Preferably one that could later be raced in local races?


----------



## tommays (Sep 9, 2008)

WELL

That usally works out best if you just wonder down and see whats being used at the local sailing places and at least here they have demo days 

My wife and i started on and 11' sailing dink BUT i dont think you would get her on one today


----------



## Delirious (Dec 16, 2001)

Flying Scot (19 ft)

Precision 15

Capri 14.2

In that order. The Flying Scot has a huge following and many local fleets and would be a good family fun daysailor that can be raced.


----------



## T34C (Sep 14, 2006)

I would add the Thistle to the above list.


----------



## TackBoston (Oct 11, 2008)

Here are a couple recommendations:

Rhodes 19 -- very simply boat, classic design, often used to teach sailing, can probably find one used pretty cheap and new they are simply beautiful. Not great performance boat, but likely will be others on the lake

Colgate 26 -- designed to teach sailing and to race, this boat is easy to sail but has all of the bells and whistles that you can use as your skills progress. A rocketship racer too. Very stable with huge cockpit and cuddy cabin. Scores well under PHRF.

Sonar -- another popular and classic boat, this is a great learning boat, simple, and likely to be others on the lake.
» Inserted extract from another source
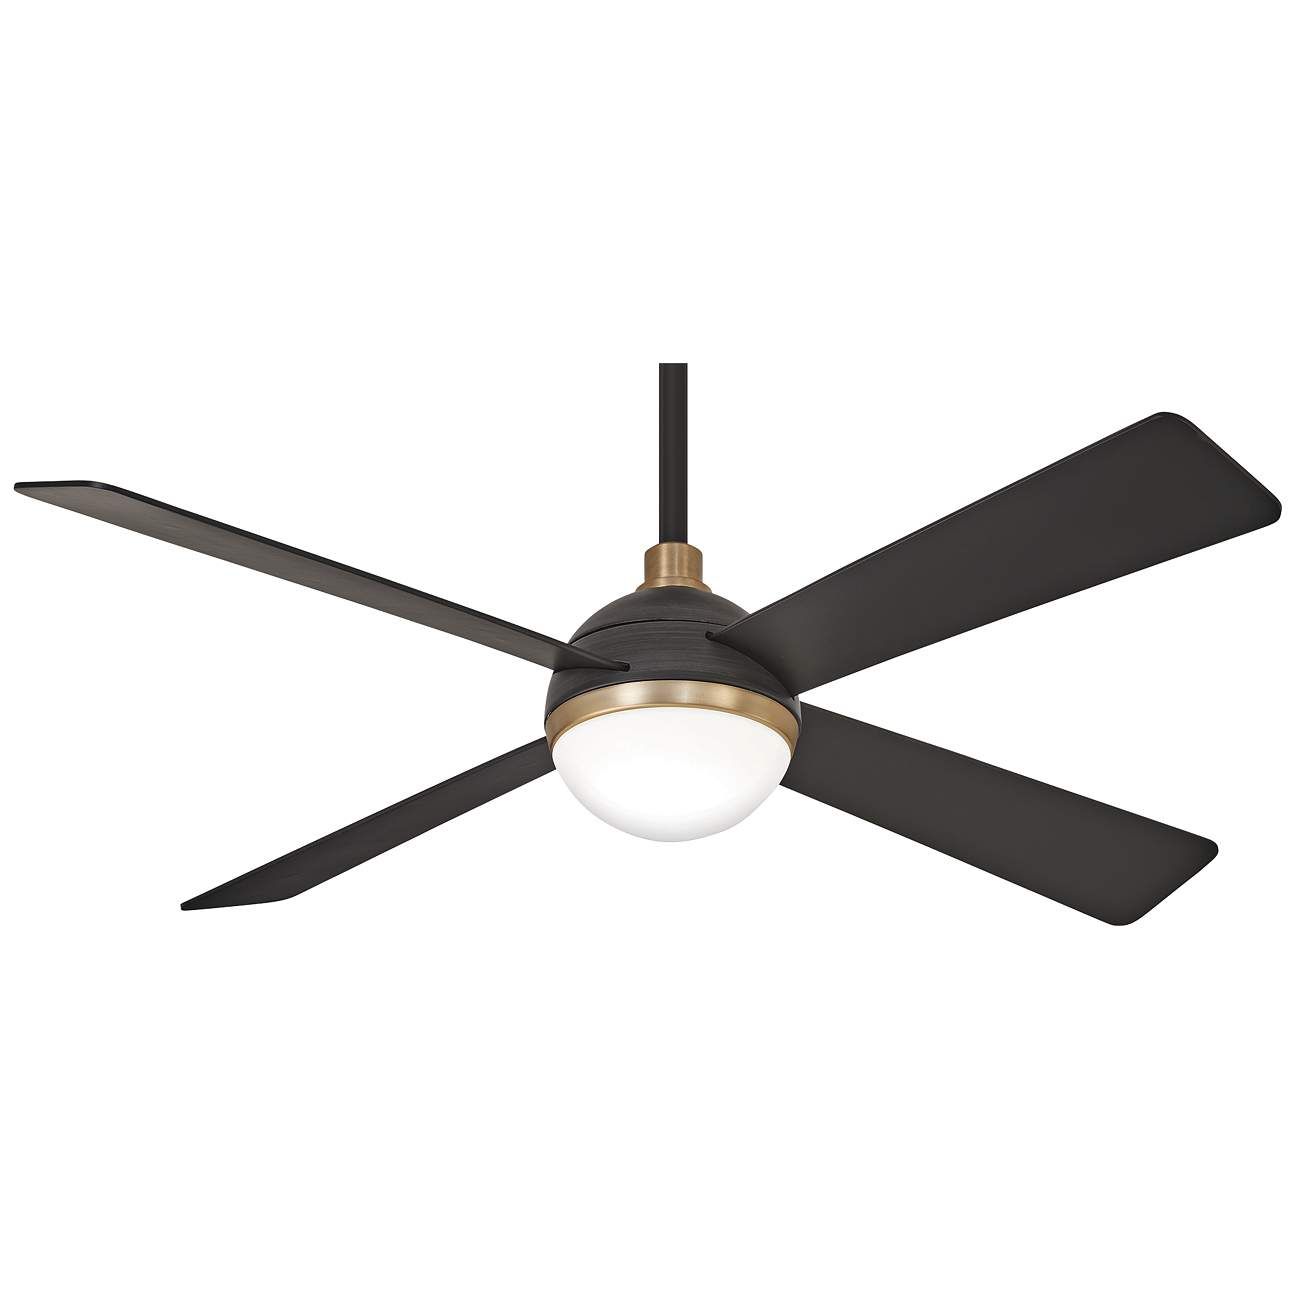 54" Minka Aire Orb Brushed Carbon LED Ceiling Fan with Remote Control - #67Y94 | Lamps Plus | Lamps Plus

You can find these used as well.


----------



## Perithead (Nov 16, 2007)

Do they want a boat for daysailing or something that they can spend a night or two in?

If they want to stay ont he boat a Catalina 22 is very popular and you can get a nice used one at a decent price.


----------



## TSOJOURNER (Dec 16, 1999)

*Boat is for daysailing*



Perithead said:


> Do they want a boat for daysailing or something that they can spend a night or two in?
> 
> If they want to stay ont he boat a Catalina 22 is very popular and you can get a nice used one at a decent price.


They want one easy to put in and out of the water and trailerable for daysailing......

Thanks,
Ron


----------



## Delirious (Dec 16, 2001)

T34C said:


> I would add the Thistle to the above list.


I owned Thistle #1858 and I would not recommend it as a beginner's sailboat for two people.

Heck of a boat, and IMHO the cream-of-the-crop of racing dinghys, but it is like handng the keys to the Ferrari to a first time driver.

I've seen two folks hop off a Thistle coming in fast to a beach and the boom swung back and hit the helms(wo)man in the forehead hard enough to lift her out of the boat from seated. It was the loudest "PING" I've ever heard on a sailboat. Eventually THE ADMIRAL did forgive me & the other crewman, and the lump went away in a week. You'll note it's low to the gunnel.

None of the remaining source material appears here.